■ EXERCISE AIM: Print a faithful copy of the data below, word for word, with the pictures left out.

■ SOURCE DATA:
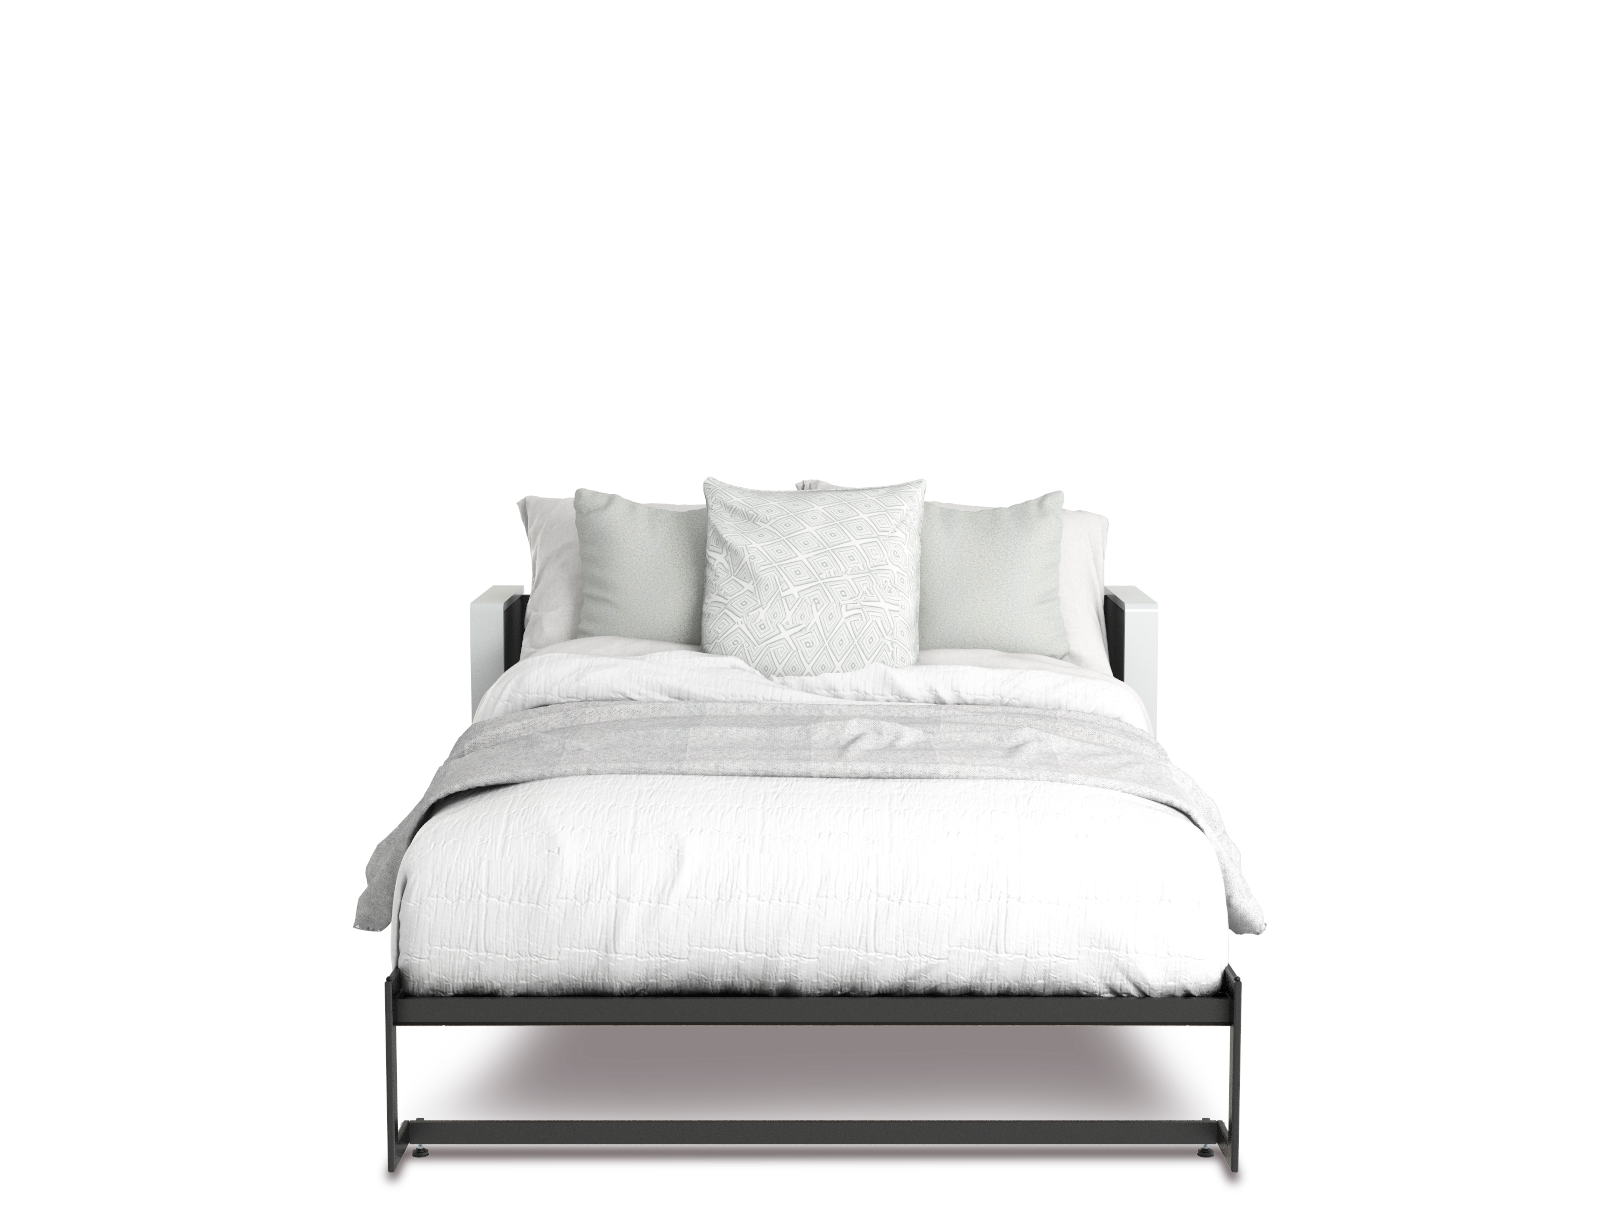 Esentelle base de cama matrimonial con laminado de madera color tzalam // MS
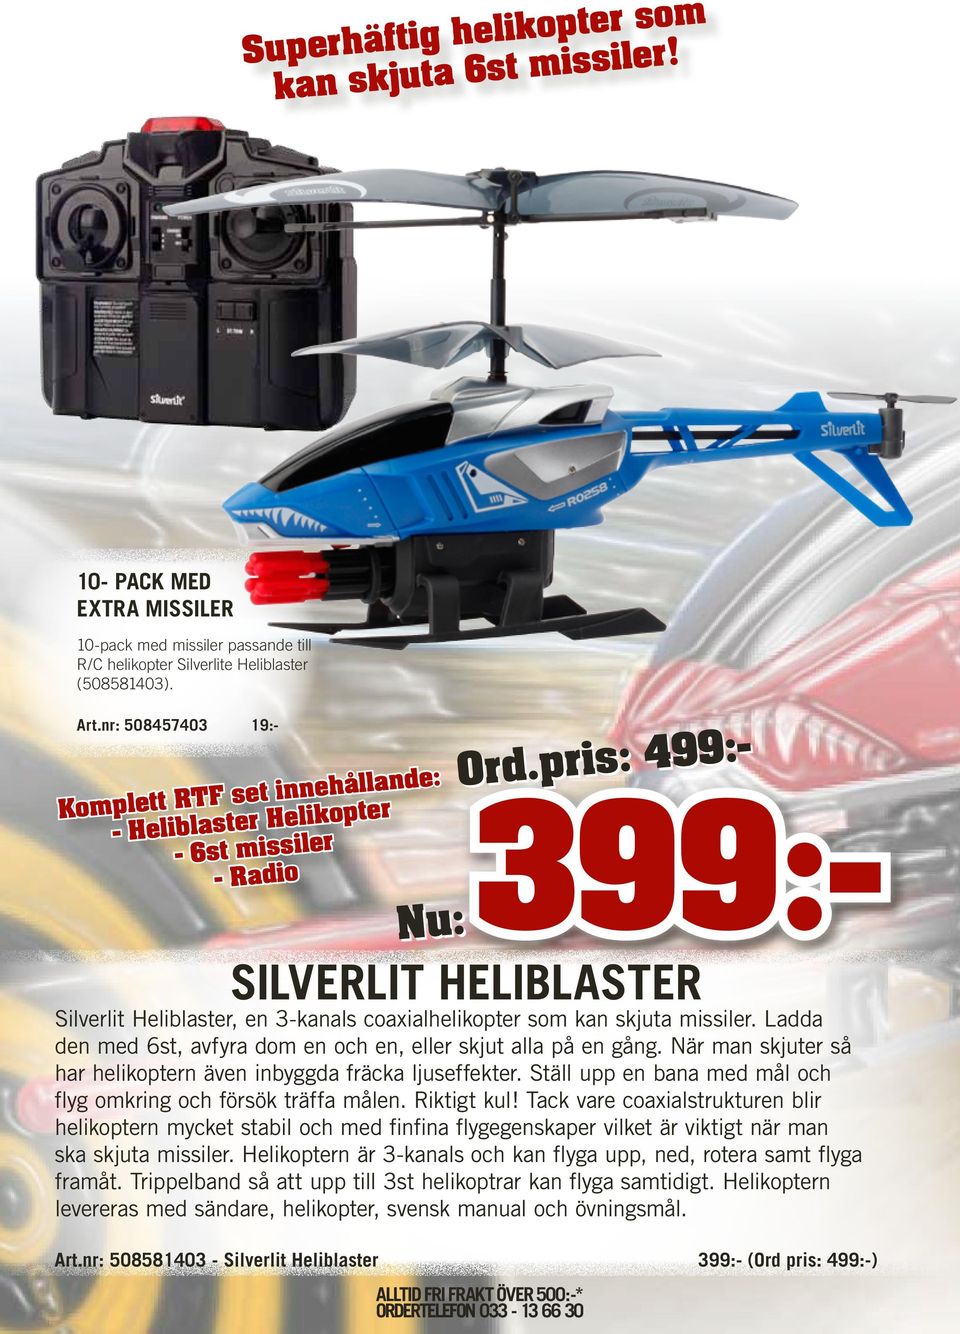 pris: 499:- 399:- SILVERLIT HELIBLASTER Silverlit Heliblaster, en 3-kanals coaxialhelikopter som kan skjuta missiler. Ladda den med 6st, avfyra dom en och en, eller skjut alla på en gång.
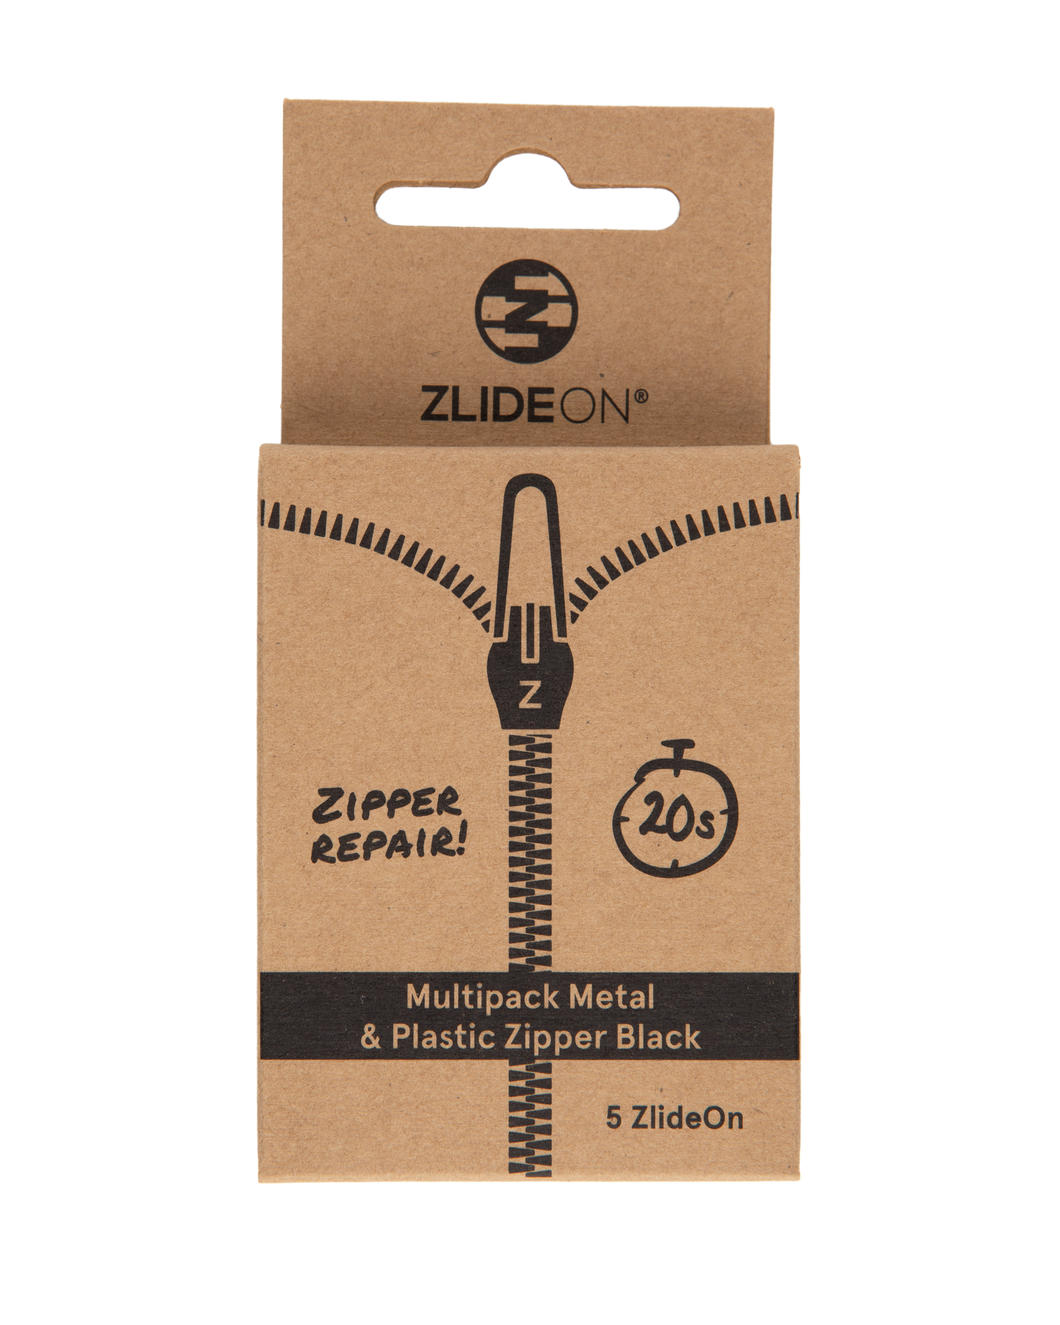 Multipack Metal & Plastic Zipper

■ RESPONSE TO THE EXERCISE:
 Esentelle base de cama matrimonial con laminado de madera color tzalam // MS
 pris: 499:- 399:- SILVERLIT HELIBLASTER Silverlit Heliblaster, en 3-kanals coaxialhelikopter som kan skjuta missiler. Ladda den med 6st, avfyra dom en och en, eller skjut alla på en gång.
 Multipack Metal & Plastic Zipper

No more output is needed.